A minha professorinha vacilou, porque teve chances de vencer, e dançou. Kvitova é mais tenista que a russa/cazaque Shvetova; conseguiu administrar seus altos e baixos e passar para a semifinal. A checa tem golpes poderosissimos e pode varrer qualquer uma da quadra. O problema da moça é que nem sempre entra tudo, já que joga bem reto. Às vezes nada entra. Mas que habilidade, que arsenal. Hoje, ela definiu a partida. Quando entrou, ponto dela, quando não, ponto da outra.

Shvetova tem o melhor par de pernas do circuito. Para não ficar no subjetivo, que é o meu e o seu gosto, me refiro à sua movimentação. A mulher é uma égua de tres anos. Ela não tem golpes contundentes, mas sua destreza em quadra é para dar inveja à muitos dos homens, sem falar no mulheril lentão. Além disso, tem um sorriso lindo, dentro e fora de quadra, onde assume uma persona bem distinta da que vemos entre as linhas.
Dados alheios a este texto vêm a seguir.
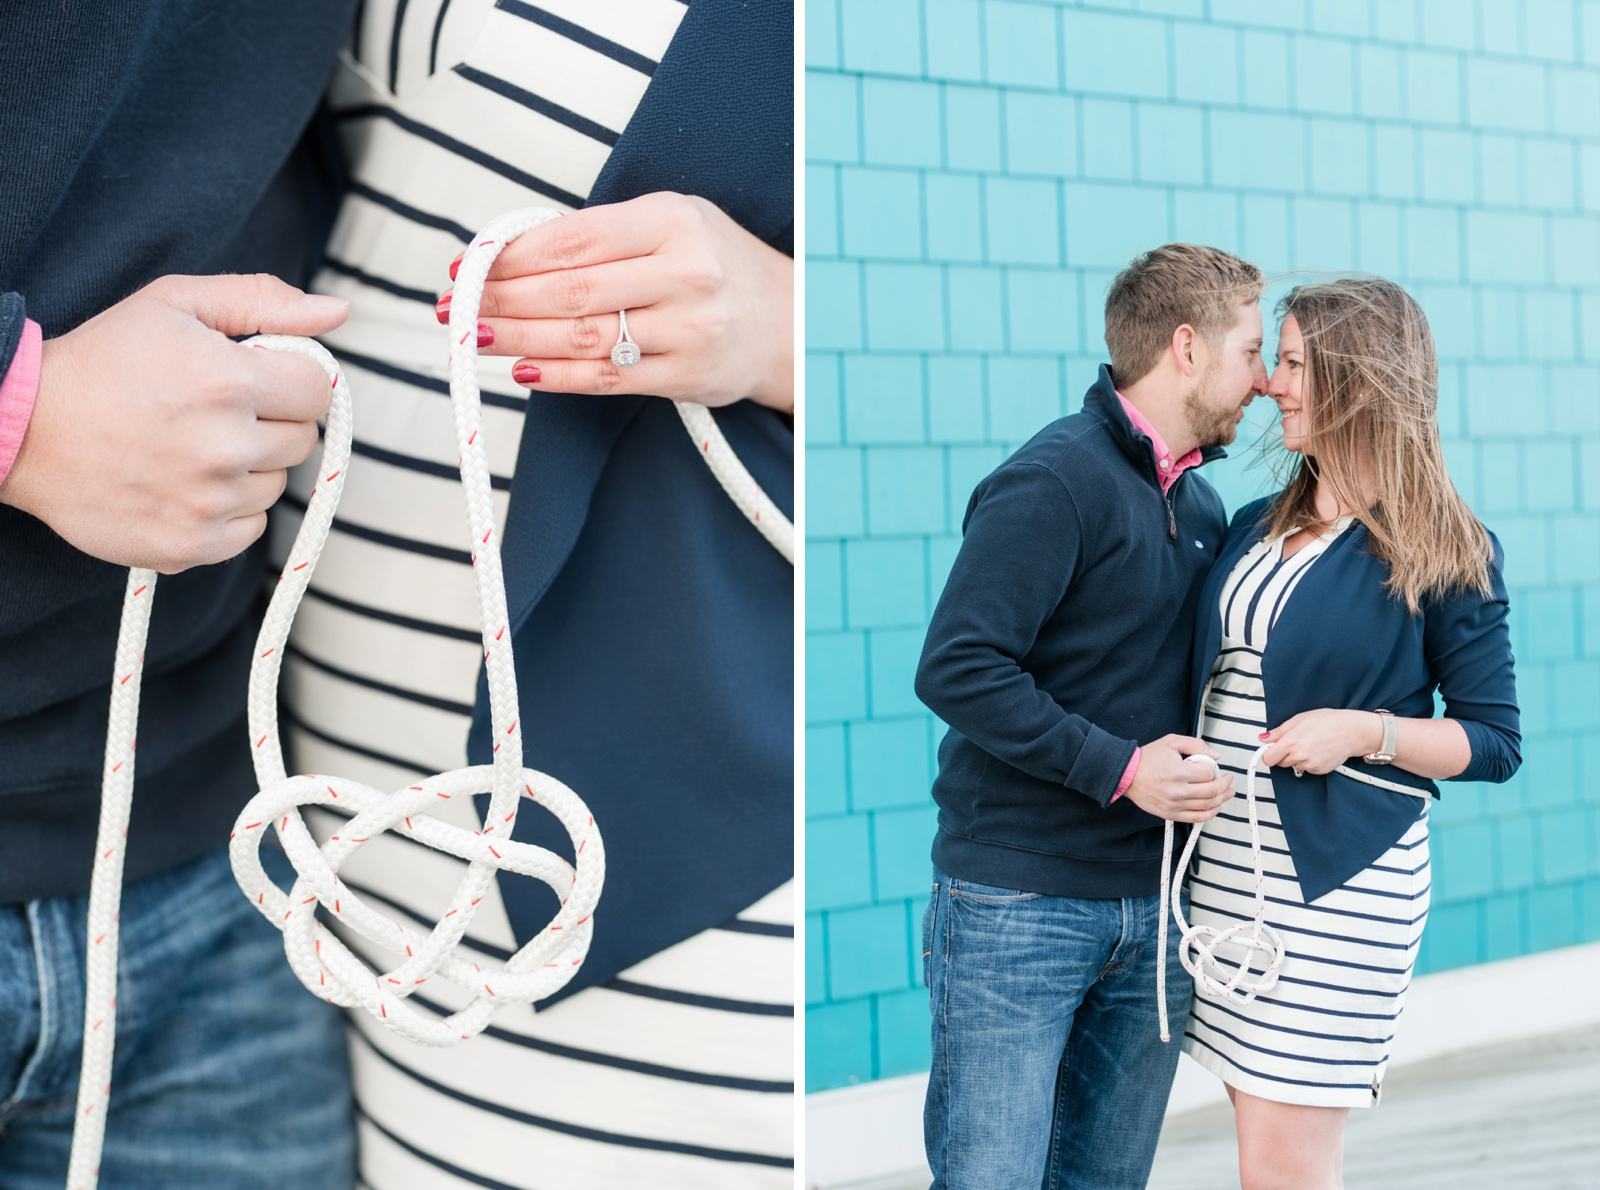 downtown-norfolk-winter-engagement-session-photo_7254.jpg

Amanhã os homens descansam. Às 9h, Stosur x Errani na Quadra Central e a seguir Sharapova x Kvitova.

Na primeira, uma partida de duas moças com muitas pernas, ótima movimentação, fortes e dois estilos distintos. A australiana atacadora e a italina contra atacadora.

Sharapova e Kvitova é uma partida para pegadores e juizes de linha acompanharem com atenção redobrada para não sobrar para eles. O bicho vai pegar e a bola vai andar. As duas são de ir pro pau e salve-se quem puder e leva quem acertar mais. A única possibilidade de não ser um verdadeiro showdown no OK Curral é se o técnico de Kvitova lembrar que existe slices e convencer a pupila que essa seria uma maneira interessante e sutil de tirar a Shatapova, perdão, esse meu teclado vida própria, de jogo. Mas talvez eu esteja pedindo demais.